:: WHAT TO PRODUCE ::
Exact transcription of the data below is required, without the images.

:: MATERIAL PROVIDED ::
Start of Block
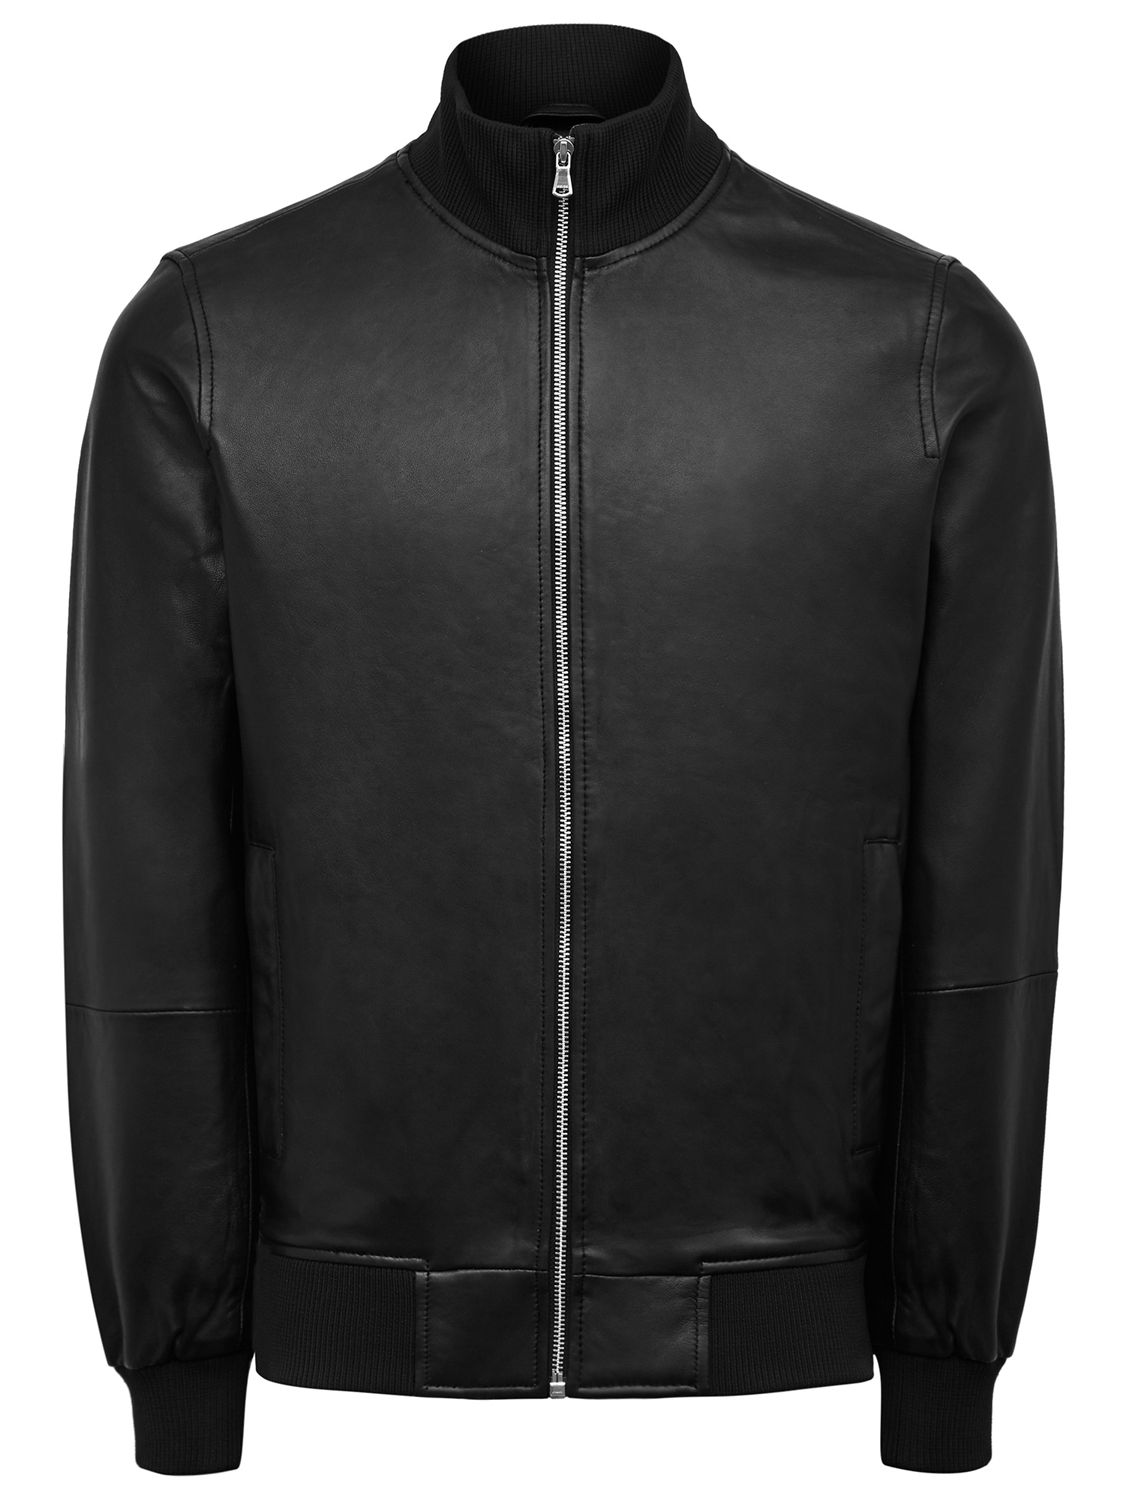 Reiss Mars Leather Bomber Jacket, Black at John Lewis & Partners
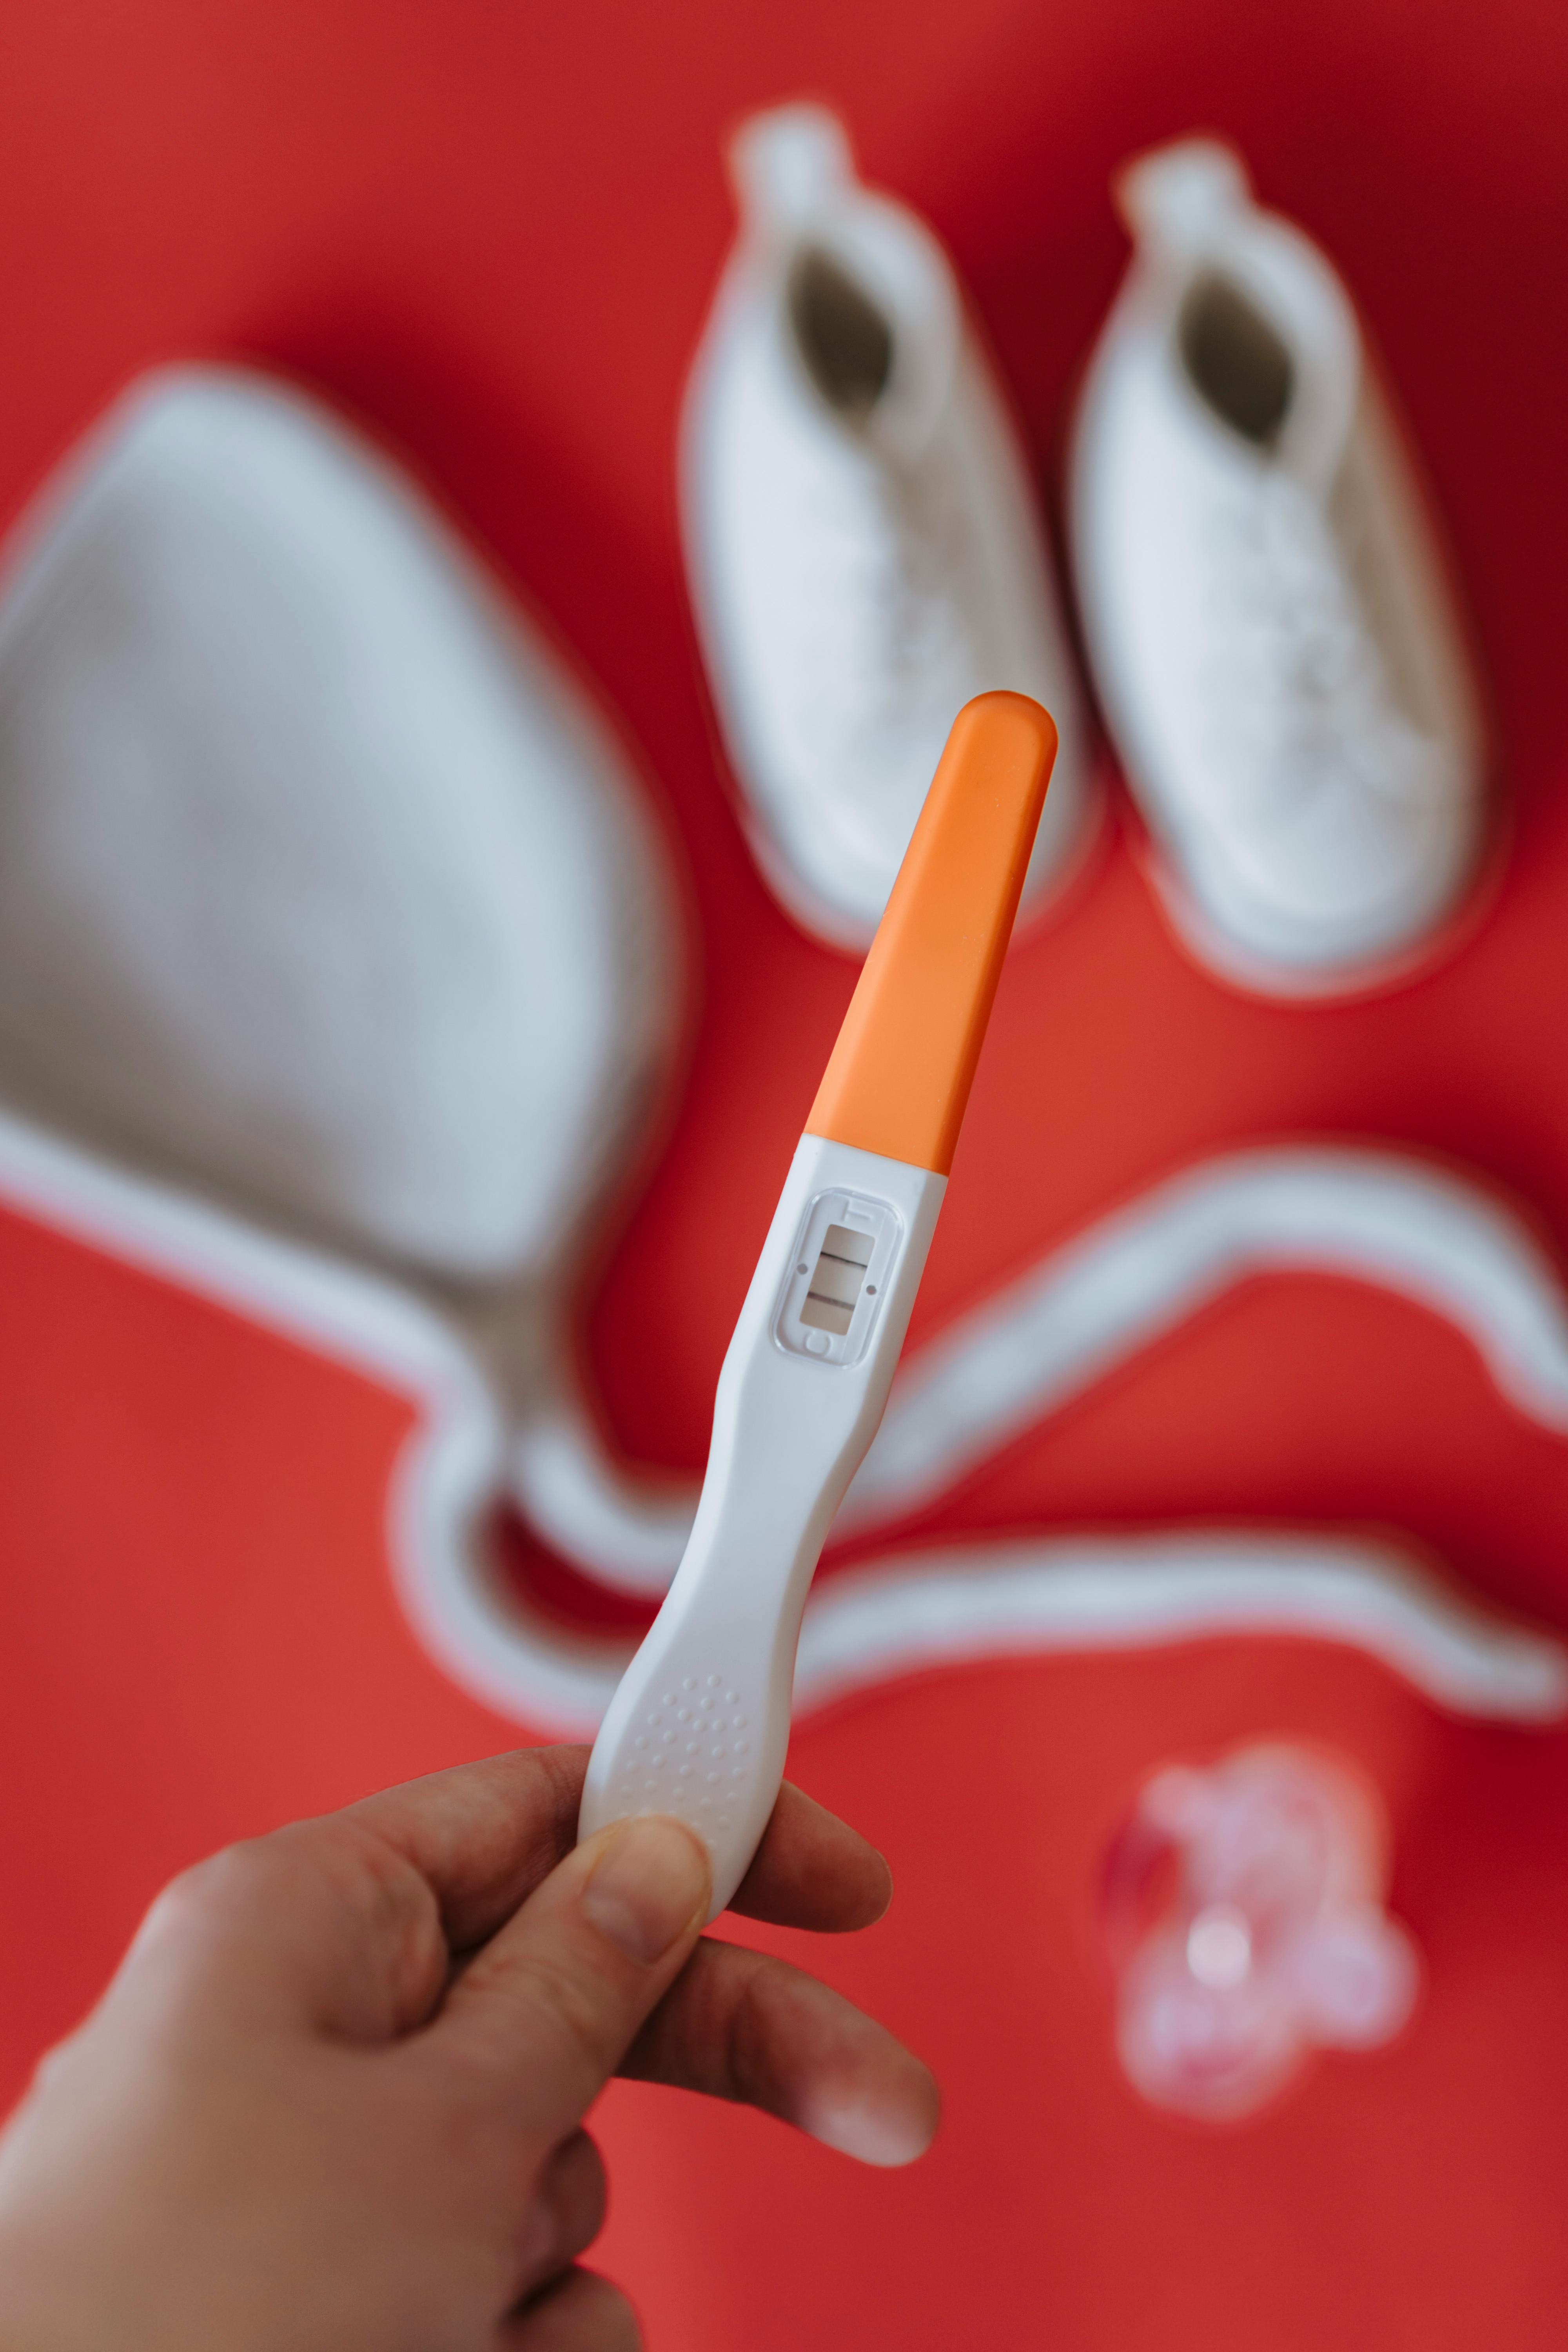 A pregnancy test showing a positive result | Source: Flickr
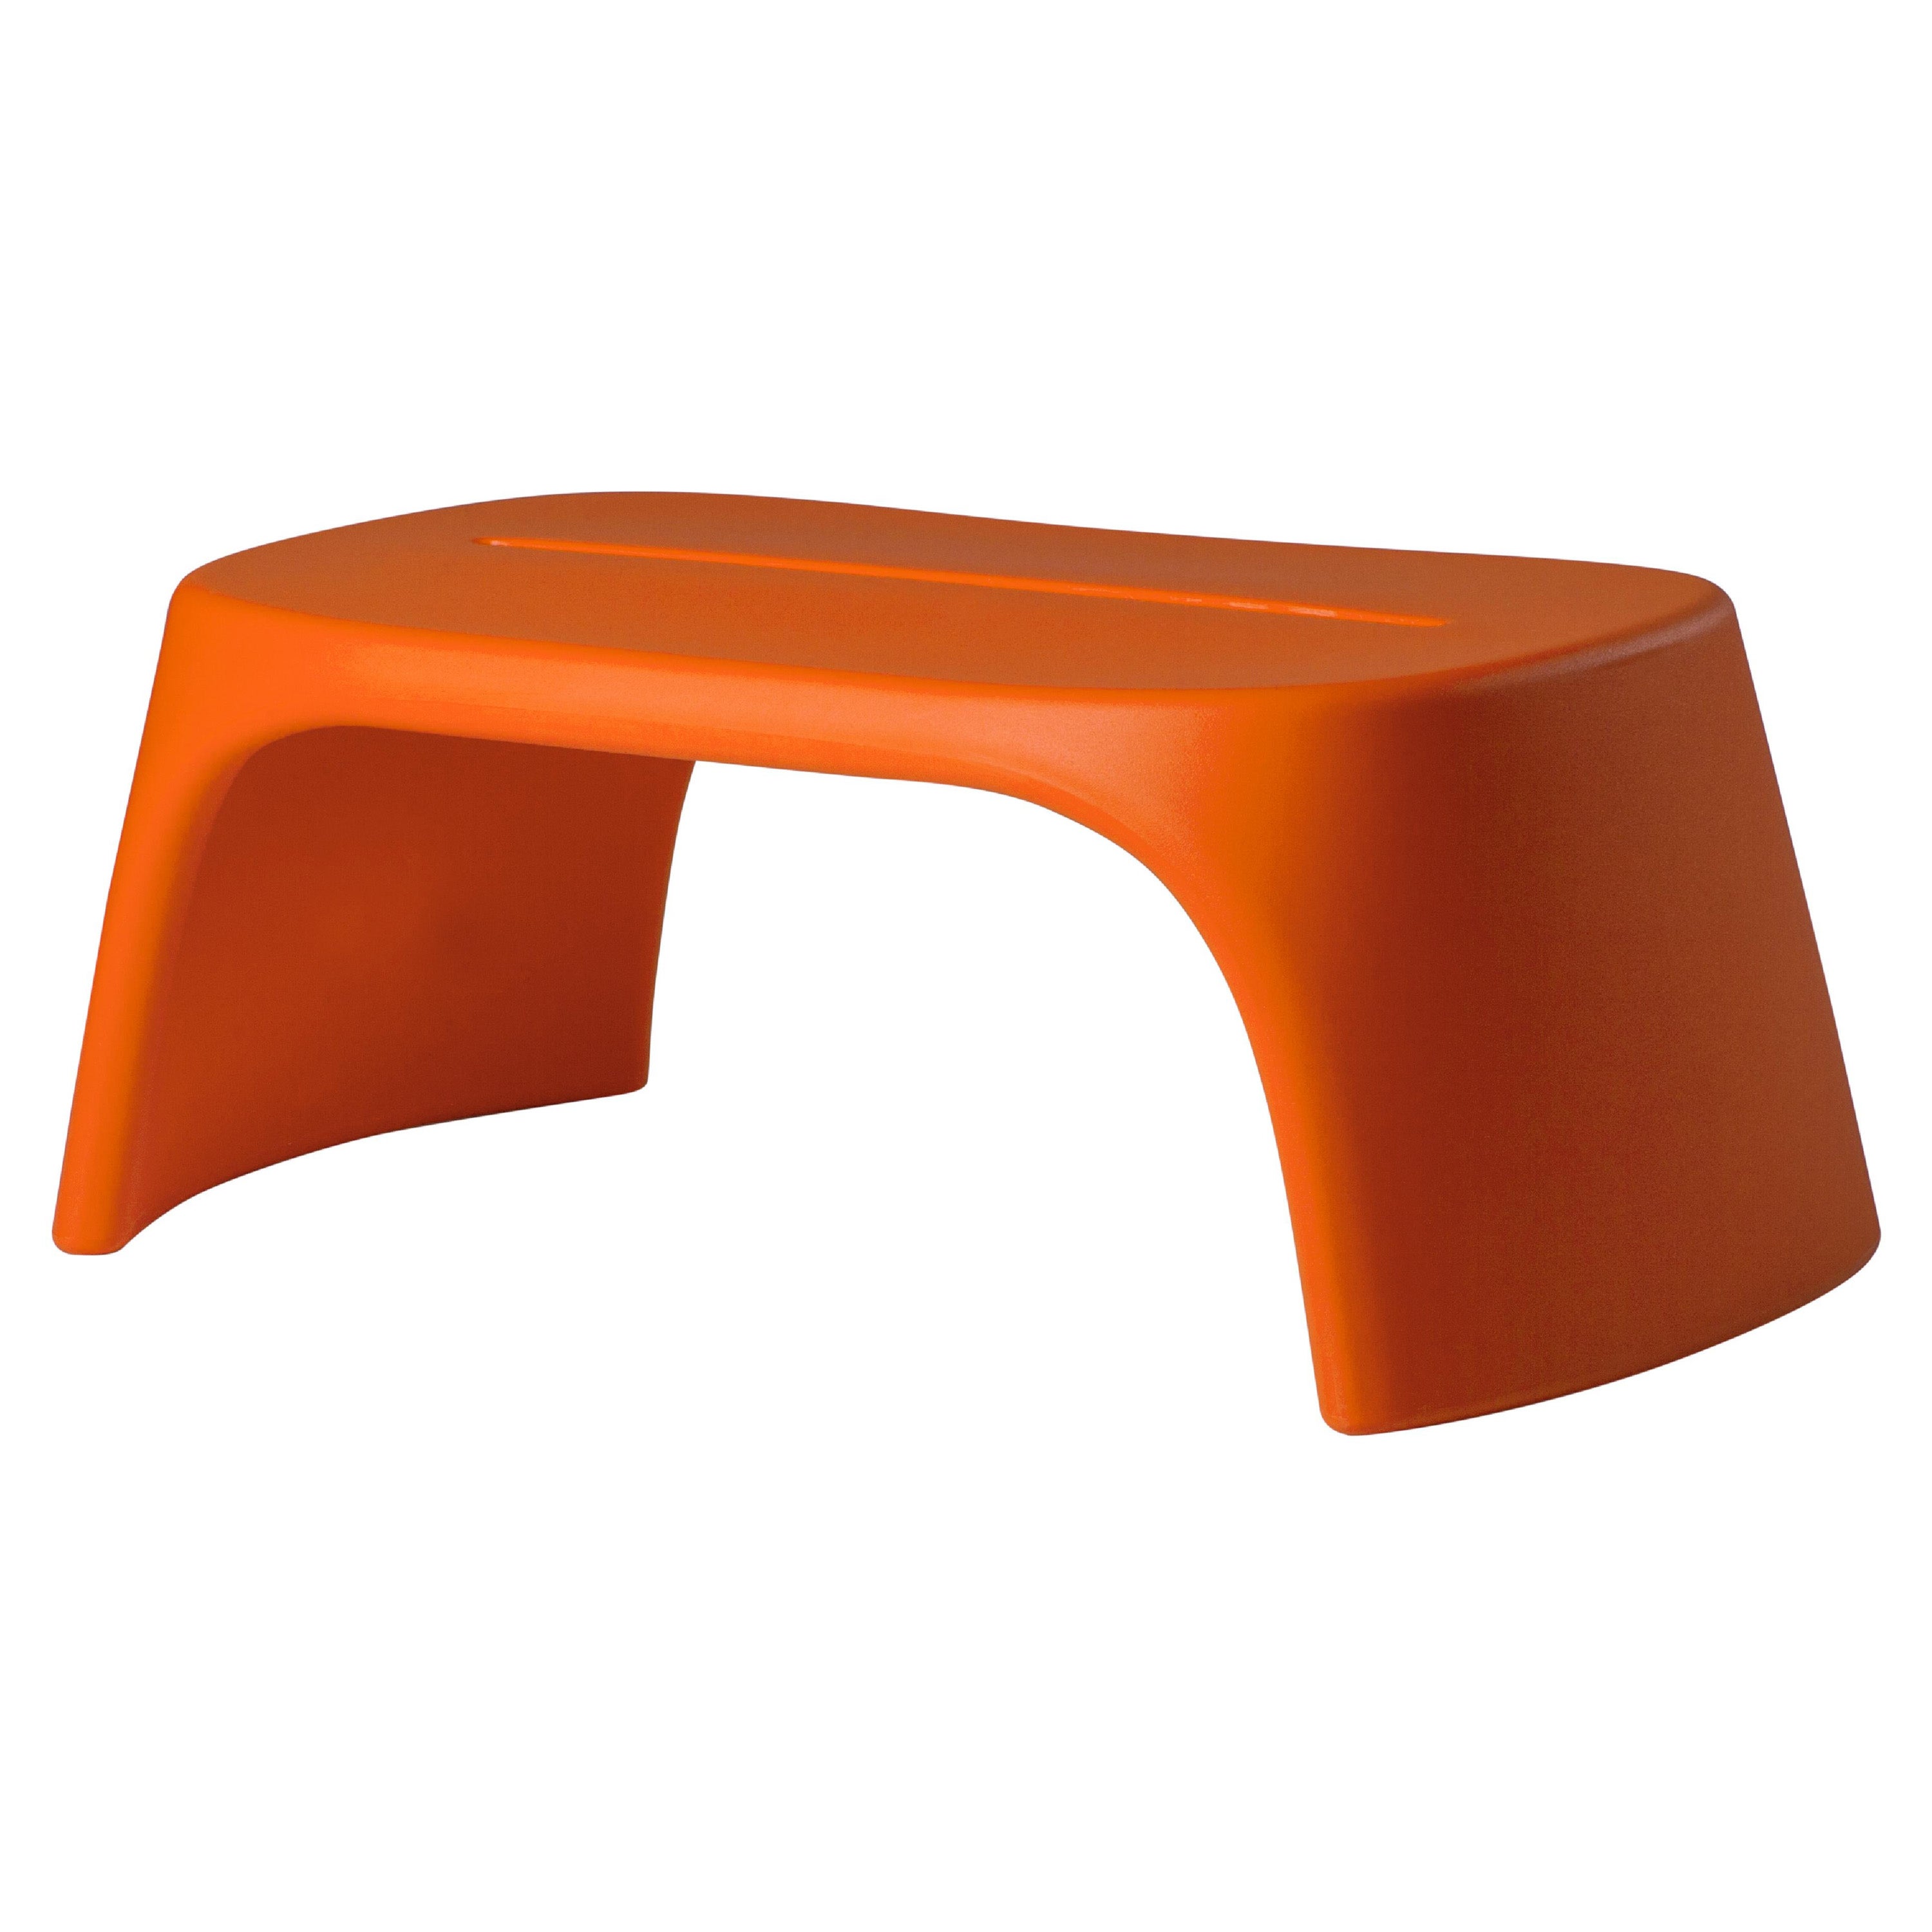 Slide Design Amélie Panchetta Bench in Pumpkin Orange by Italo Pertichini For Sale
End of Block
:: ANSWER SECTION ::
 Reiss Mars Leather Bomber Jacket, Black at John Lewis & Partners
 A pregnancy test showing a positive result | Source: Flickr
 Slide Design Amélie Panchetta Bench in Pumpkin Orange by Italo Pertichini For Sale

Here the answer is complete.